[Moderated by Matt Jones]
Jay Bilas and Young Jeezy. Why not?
Once again over on ESPN Chad Ford, basketball expert extraordinaire, is publishing more articles which only “Insiders” can read. Unlike me, most of you all are too intelligent to pay for such a feature. So what did he write about today? Well, my man Ford got together with Jay Bilas and put together the top “Programs that deliver NBA talent” list. A goofy list for the middle of the season but it includes Kentucky so I’m going to write about it.
To me, the most interesting thing that came out of this list wasn’t what they thought about each individual school but what Jay Bilas thought about the “production” of NBA talent in today’s modern college game.
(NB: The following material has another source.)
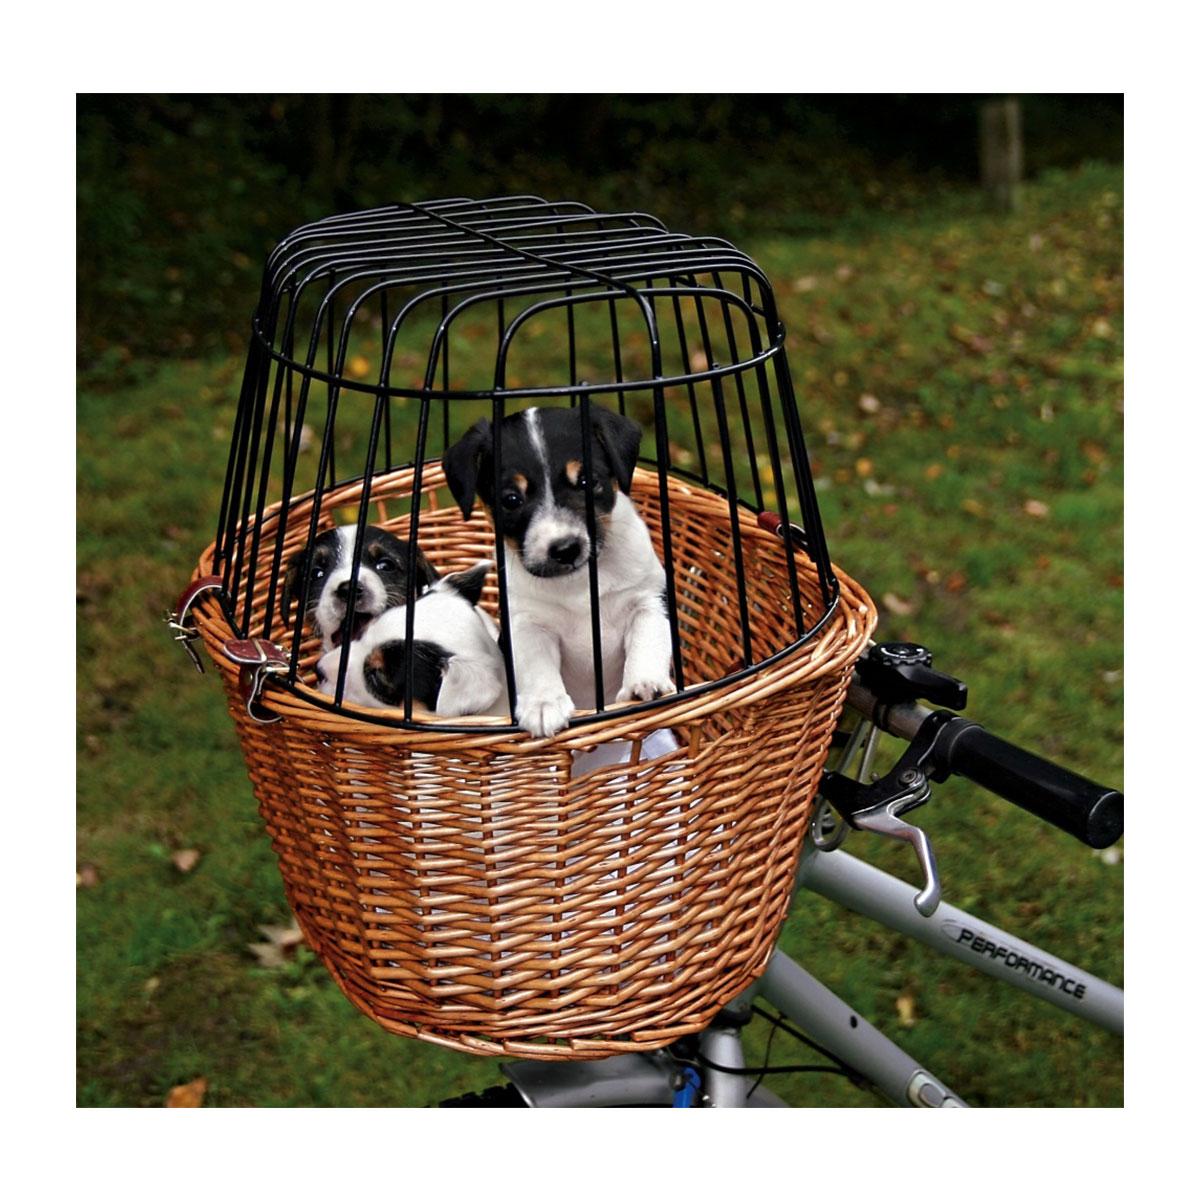 trixie fahrradkorb mit gitter f r hunde ebay. Black Bedroom Furniture Sets. Home Design Ideas

According to Jay he believes that in today’s game Coaches don’t necessarily coach kids to become NBA talent, they simply recruit them to play at their schools. He goes on to say, “Undoubtedly, many players get better — and even blossom beyond all expectations — during their time in college. And some coaches may indeed be more proficient teachers, motivators and communicators. But the narrative that some coaches are especially proficient at developing NBA talent falls short of reality for me.”
Jay Bilas, on top of the entire paragraph he wrote about UK (which can be seen below), briefly brings up Calipari and how he feels as though Cal does nothing more when it comes to developing the player than any other National coach. Bilas does give credit to Calipari, though, saying that he does a lot to get the kids to UK and does a good job motivating and inspiring the players to play to their potential.
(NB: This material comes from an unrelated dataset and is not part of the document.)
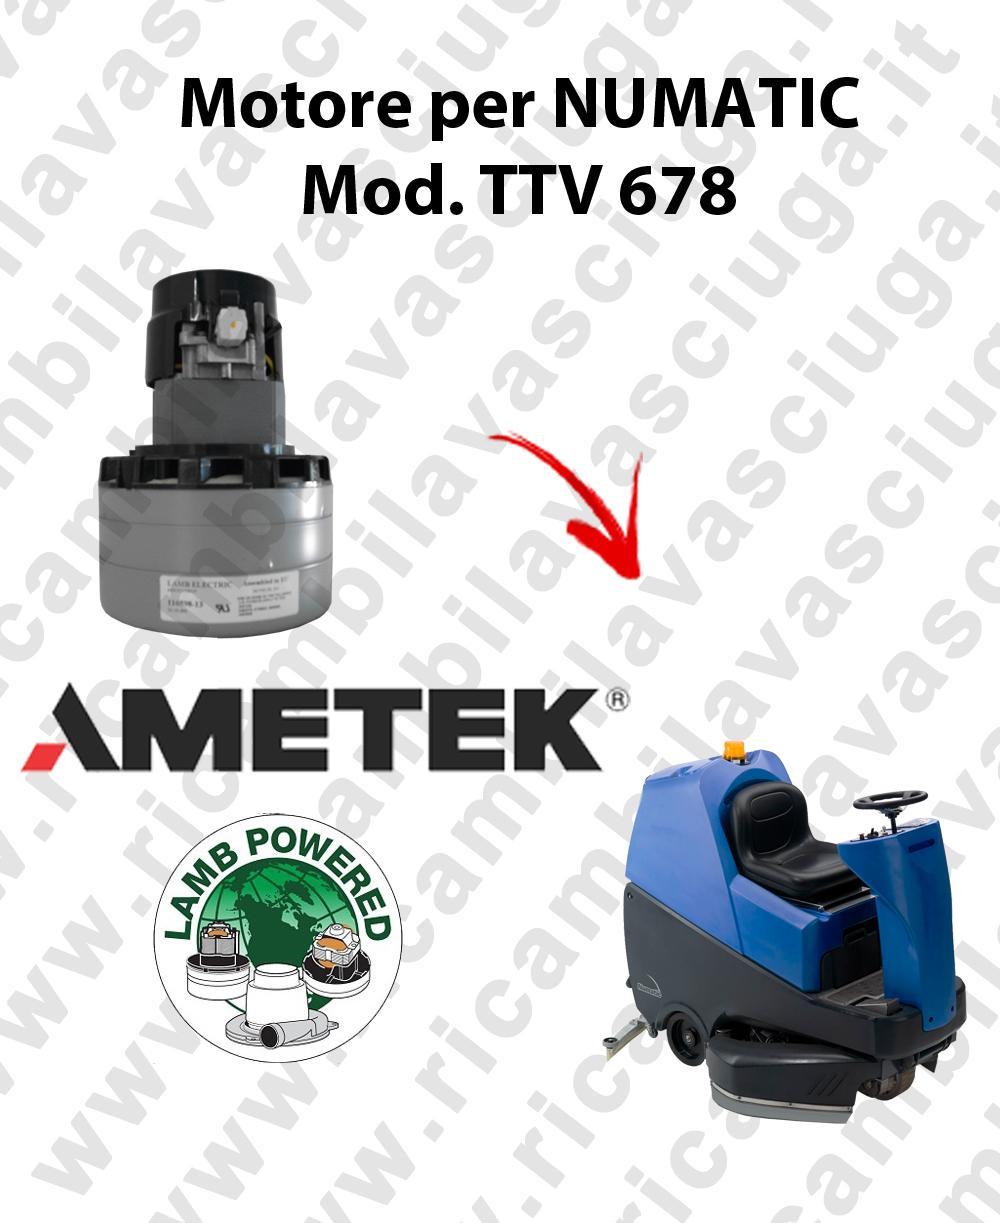 TTV 678 MOTORE aspirazione AMETEK lavapavimenti NUMATIC

Below is the entire paragraph which was dedicated to UK who, unsurprisingly, was #1 on the list:
Over the past three years, Kentucky has had 15 players selected in the NBA draft, including 11 selected in the first round (seven lottery picks) and four in the second round. Of that group, five players were selected in the top five overall, including John Wall, Anthony Davis, Michael Kidd-Gilchrist, Enes Kanter and DeMarcus Cousins. Calipari’s greatest asset as a coach is not that he can develop players, it’s that he can get such young talent to compete daily and respond to challenges that seem beyond their years. Last season, Calipari brought in Davis, Kidd-Gilchrist, Marquis Teague and Kyle Wiltjer. I hardly think that Calipari “developed” the first three, and neglected to develop Wiltjer. This season, Calipari has several sure-fire NBA first-round picks in Nerlens Noel, Alex Poythress and Archie Goodwin, and those three may feel compelled to leave after this season because their spots will be up for grabs with an even better recruiting class coming in next year. One thing about Kentucky that can speed the development of a player is the level of competition in practice. It is tremendous.